Sorche Elizabeth Fairbank is the founder of a small, selective boutique agency with nearly two decades of experience, specializing in literary and international fiction, big-idea nonfiction, humor and gift books, and children's picture books exclusively from author-illustrators.
In brief
Fairbank Literary is a genuine boutique — selective by design, not by circumstance — which means projects that do land here receive highly attentive representation, but the bar for a 'yes' is correspondingly high.
The agency's own page calls out humor/gift/pop culture, international fiction, and picture books by illustrator-artists as its hottest current categories — a writer in those lanes should lead with that alignment in a query letter.
The picture-book gate is firm and meaningful: Fairbank Literary accepts picture books ONLY from author-illustrators (those who both write and illustrate their own work). Writers who need an illustrator should not query in this category.
The represented-client roster — including artists like Terry Border (who creates whimsical photographic art books) — confirms that the humor/gift/pop-culture interest is real and commercially active, not just aspirational.

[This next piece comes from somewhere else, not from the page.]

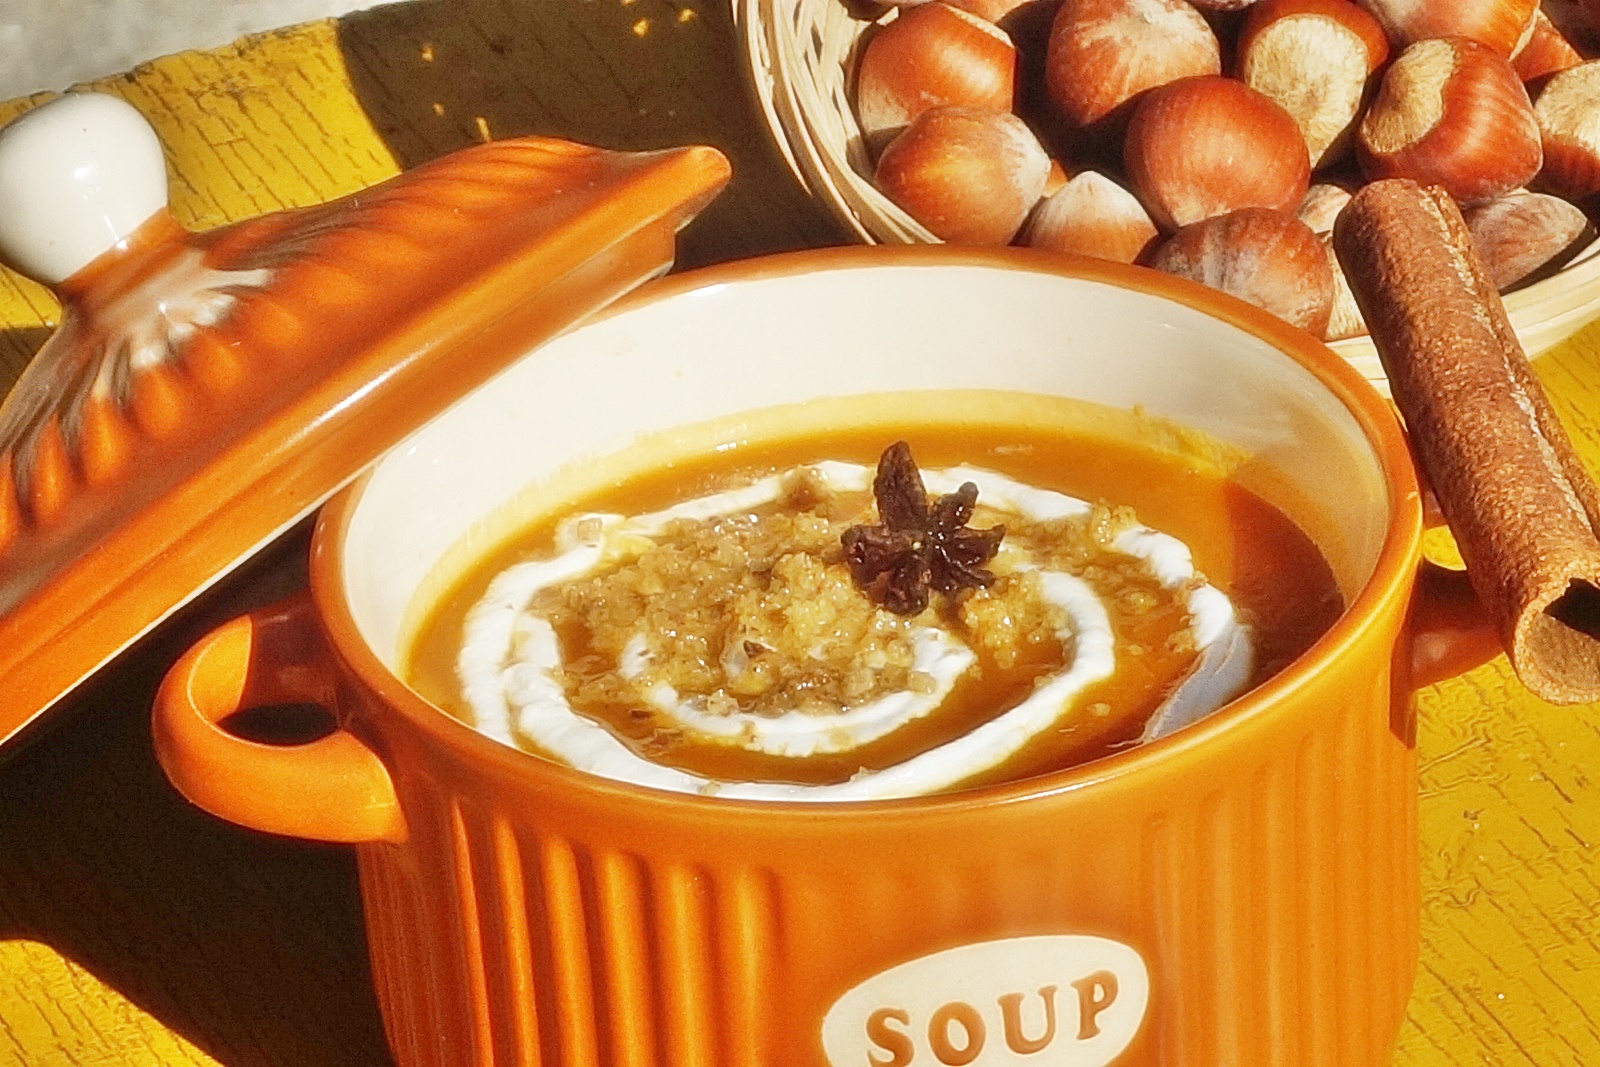 Supa crema orange mix cu alune de padure
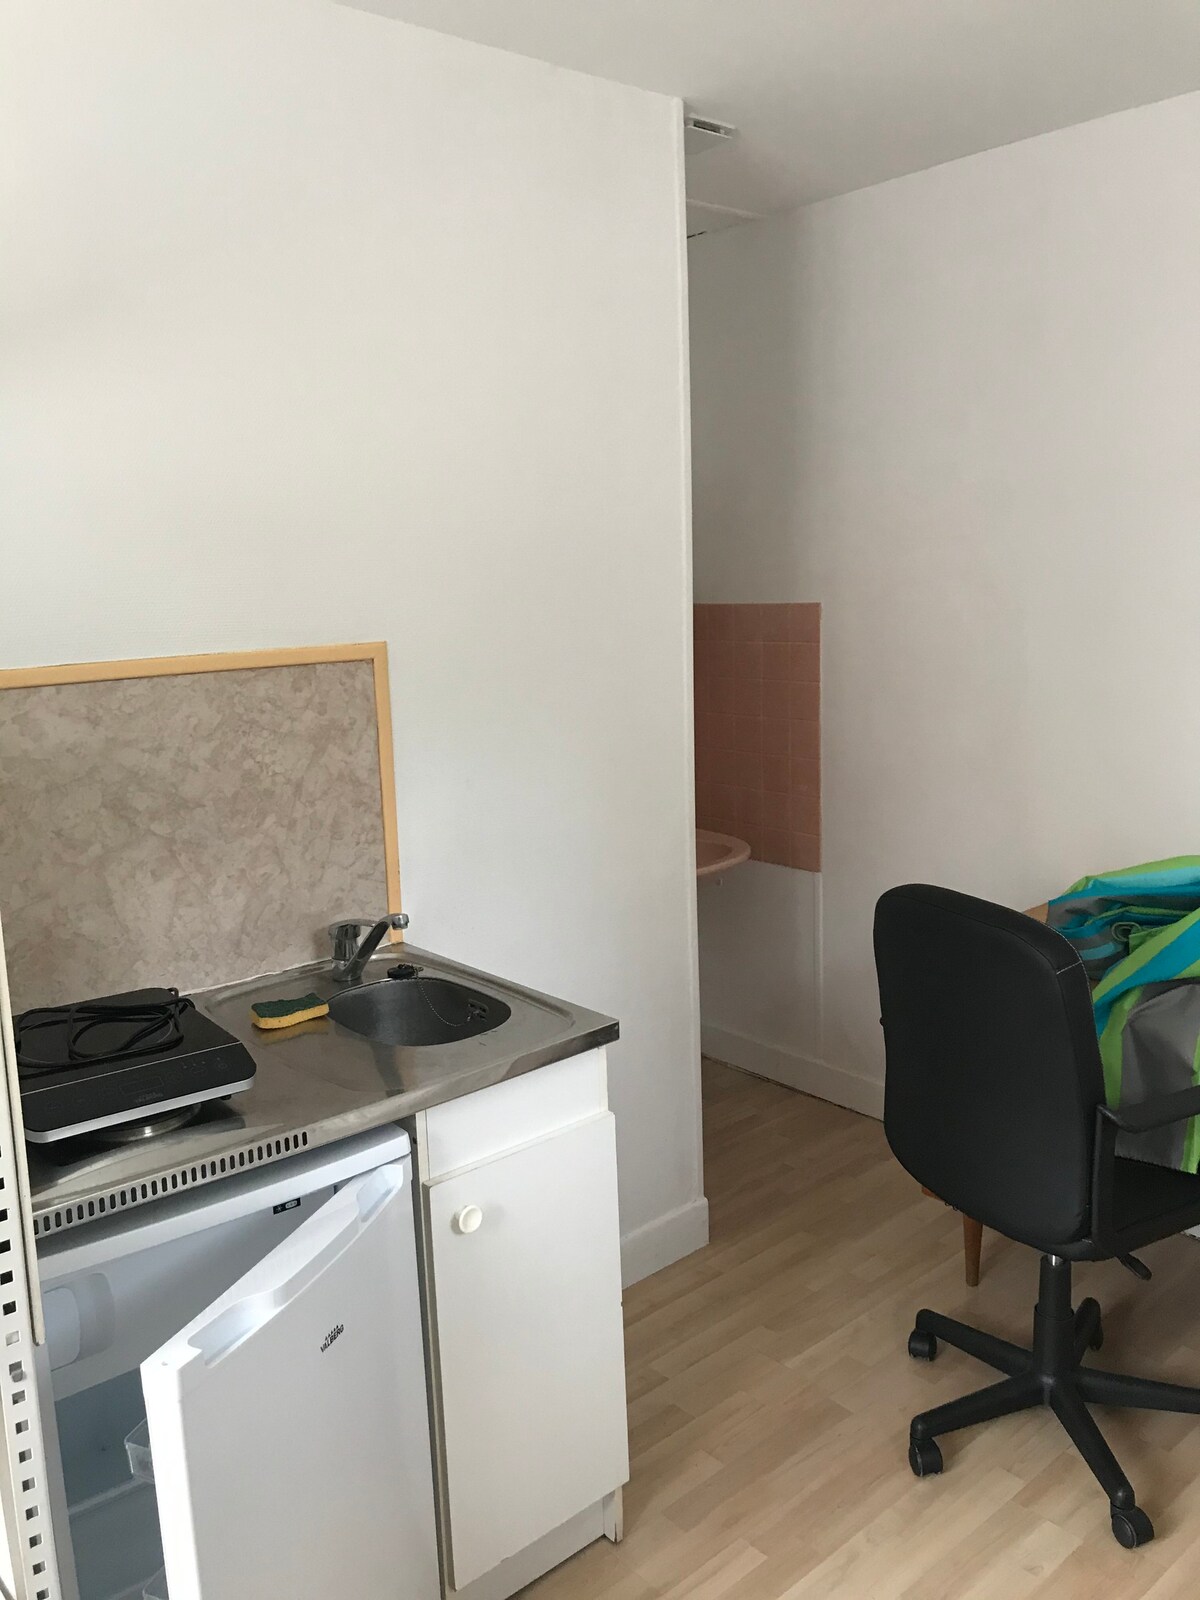 16平方米带小厨房的单间公寓。

Sorche Elizabeth Fairbank's name appears as agency principal and sole named agent, making this effectively a one-agent shop; a client relationship is a direct relationship with Fairbank personally.
Lately
The agency's current web page highlights that it is thriving in three specific lanes right now — humor and gift books, international fiction, and picture books by illustrator-artists — and explicitly states a desire to take on more projects in all three. This is the clearest and most recent signal about where Fairbank Literary's energy is directed.
What Sorche is looking for
Fairbank Literary actively wants literary fiction and has a pronounced appetite for international voices — novels set outside the US or written from a global perspective, particularly those with a vivid, defining sense of place. Voice is paramount: the writing itself must be distinctive, not merely competent. This is the agency's deepest root and where Sorche Elizabeth Fairbank's editorial identity lives.
Described on the agency's own page as a current breakout category, this is an area where Fairbank Literary is actively doing well and wants more. Think cleverly packaged, visually distinctive humor books; gift-format nonfiction; and pop-culture titles with genuine wit and cultural resonance. Terry Border's illustrated/photographic art books are a clear taste signal for the kind of creative, concept-driven humor projects that fit here.
A third explicitly hot category, but with a hard gate: Fairbank Literary takes picture books exclusively from creators who both write AND illustrate their own work. A writer seeking an illustrator, or an illustrator looking for a writer partner, will not be accepted here. This is non-negotiable per the agency's own language.
Middle grade is within scope, but the agency's recent enthusiasm centers on picture books and the humor/gift space. Middle grade projects would need a genuinely distinctive voice or concept to cut through at this selective boutique.
Fairbank Literary wants memoir that transcends the purely personal — work that uses individual experience as a lens onto something larger: history, culture, politics, or social structures. The agency's own framing of 'goes beyond the me-moir' is the key test. Purely introspective, self-focused memoir is unlikely to connect here.
Nonfiction with a strong reported or narrative spine is welcome, especially when it engages with women's voices, global perspectives, or questions of class and race. The agency favors work that is either newsworthy or culturally significant. Self-help is listed but the overall positioning suggests evidence- and story-driven nonfiction will resonate more than prescriptive how-to.
Quality lifestyle books — cookbooks, wine writing, design, and craft — are within scope under the 'quality lifestyle' umbrella. These should have a distinctive authorial vision or elevated production concept; generic subject-matter books without a fresh angle are unlikely to interest a boutique this selective.
Not the right fit
On Sorche's list
Taste fingerprint
How to query Sorche
Address Sorche Elizabeth Fairbank by name and spell it correctly — this is a one-agent boutique, and generic salutations signal a mass-query approach that will hurt you.
Lead your query letter with the category signal that matches the agency's own 'hot' list: if you're writing international literary fiction, a humor/gift book, or a picture book (and you illustrate), say so immediately and tie it to the agency's stated enthusiasm for those areas.
If querying a picture book, your query MUST make clear that you are both the writer and the illustrator — this is a hard requirement, not a preference. Omitting this will result in a pass.
For memoir and nonfiction, state the larger cultural or social stakes of the book in the first paragraph. 'What does this mean beyond the author's own life/expertise?' is the implicit test Fairbank Literary applies.
The agency values voice above nearly everything else. Let your query letter itself demonstrate the voice of the manuscript — flat, functional summaries will not convey what makes the work worth reading.
Fairbank Literary is selective by design. A tightly tailored, research-informed query letter is far more likely to succeed than a high-volume spray approach.